We have begun to explore the process of symbiotic design in creating an AI-enabled CDS tool for hospital-acquired infection (HAI) prevention. HAIs contribute to increased mortality, morbidity, and length of hospitalization in patients (Voidazan et al., 2020) which costs US hospitals $28–45 billion annually (Stone, 2009). To mitigate the spread of HAIs, infection preventionists (IPs) must identify and anticipate a variety of different disease-specific transmission routes among patients separated by time and space (i.e., clusters). The complexity and scale of this task makes symbiotic design a particularly attractive approach in creating a CDS tool which amplifies human sensemaking with computational modeling. The multidisciplinary team we have assembled to design this tool includes epidemiologists, infectious disease physicians, infection preventionists, clinical informaticists, data scientists, computer scientists, geographers, human factors researchers, and visualization designers. In this paper, we discuss our experiences throughout our ongoing symbiotic design process, including our central tenets, the known pitfalls we have avoided, and the challenges we have faced along the way as a symbiotic team designing a symbiotic team.

CENTRAL TENETS OF SYMBIOTIC DESIGN

All adaptive systems, including our own design team, risk falling into maladaptive patterns, two of which are: (1) getting stuck in outdated behaviors and (2) working at cross-purposes (Woods & Branlat, 2011). Motivated by these known shortcomings, we explicitly configured our symbiotic design process with three central tenets.

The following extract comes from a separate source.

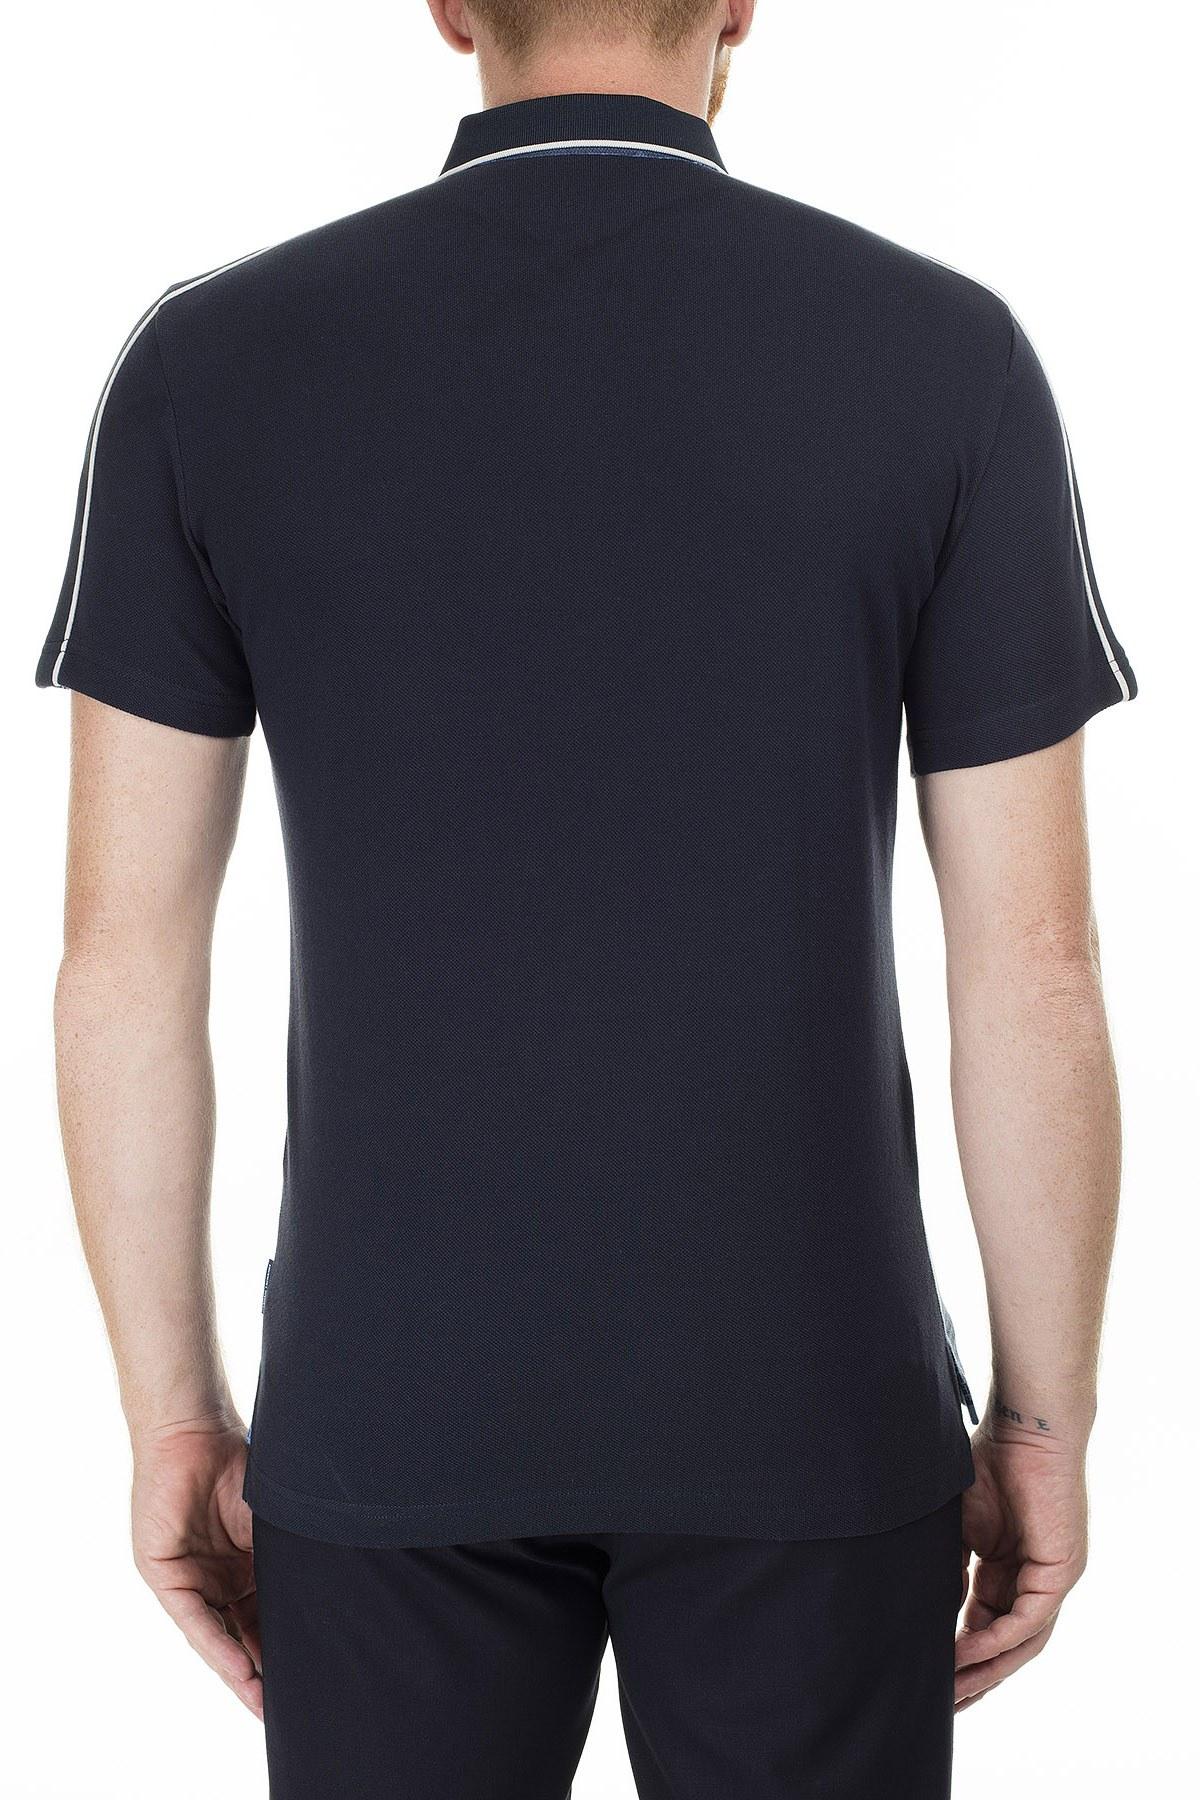 Armani Exchange Desenli Regular Fit T Shirt Erkek Polo 3HZFGC ZJM5Z 9507 SAKS

Recurrent Bottom-Up Feedback

Technology-driven approaches, where design and development is primarily guided by technological limitations, are particularly vulnerable to solving the wrong problem (Woods & Roth, 1988), ultimately creating a tool that is not usable, useful, and desirable (Sanders, 1992). To help ensure our symbiotic design process would instead be problem-driven, we incorporated recurrent feedback sessions, bringing in subject matter experts (SMEs, i.e., epidemiologists, infectious disease physicians) as full members of the team, and continued to engage with frontline operators throughout the entire design process, even after we felt we fully understood the domain. This was challenging because the more we understood about the domain and problems, the more these feedback sessions could appear unnecessary; however, we continued to discover key insights long after our initial domain research finished, which we likely would not have discovered if these sessions had not been fixed activities in our project timeline. Each of our process artifacts, including abstraction networks, user personas, scenarios, and wireframe designs, elicited different aspects of the problem domain beyond what was possible from initial user research alone. By tethering our design team to a continual source of bottom-up research, we enabled our team to explore and adjust to what was important in the domain as it became apparent over time.

Continual Model (Re-)Alignment

The differing perspectives and responsibilities of our hierarchically-organized team increased the risk of developing misaligned goals. Solutions advantageous to one sub-team’s responsibilities could hinder other sub-teams’ abilities to meet their responsibilities or undermine the long-term shared goals of the larger team (Woods & Branlat, 2011). To mitigate these risks, we continuously shared and revised our process artifacts in recurrent full-team meetings. These artifacts and mechanisms helped detect misalignments by eliciting each others’ understanding (i.e., mental model) of the project. However, we soon discovered these standard procedures for aligning hierarchical, multidisciplinary teams were necessary but not sufficient to detect when our team was working at cross-purposes. The abstracted information communicated at the highest levels of the organization (i.e., team leads) obscured some of the ways in which small misalignments were causing the overall team to work in ways that were not synchronized to the larger shared goals of the project. These misalignments were only revealed through horizontal communication at the lower levels of the organization, where information was typically conveyed in more granular detail. Therefore, we needed a regular, structured communication mechanism between the people who did work beyond what was available between the people who coordinated work. Again, these meetings could appear unnecessary at times, but proved vital in detecting when our team was not well-coordinated and needed realignment.

Openness to Co-Direction

Mutual directability, or deliberate bi-directional efforts to modify the actions of others as conditions change, is a key aspect to successful coordination in cooperative teamwork (Klein, Feltovich, et al., 2004). However, co-direction is costly. It requires prolonged, synchronous engagement of multiple team members, which is too inefficient to be the predominant modality of work. Therefore, a signaling mechanism is needed to decide when and how to increase or decrease participation (Maguire, 2020; Reynolds, 2020). Cross-checking, where two or more members of the team with different perspectives examine each other’s assumptions and actions, can functionally supply this signal; however, the cross-checks must be carefully architected to produce the intended diversity instead of a routinized redundancy (Patterson et al., 2007).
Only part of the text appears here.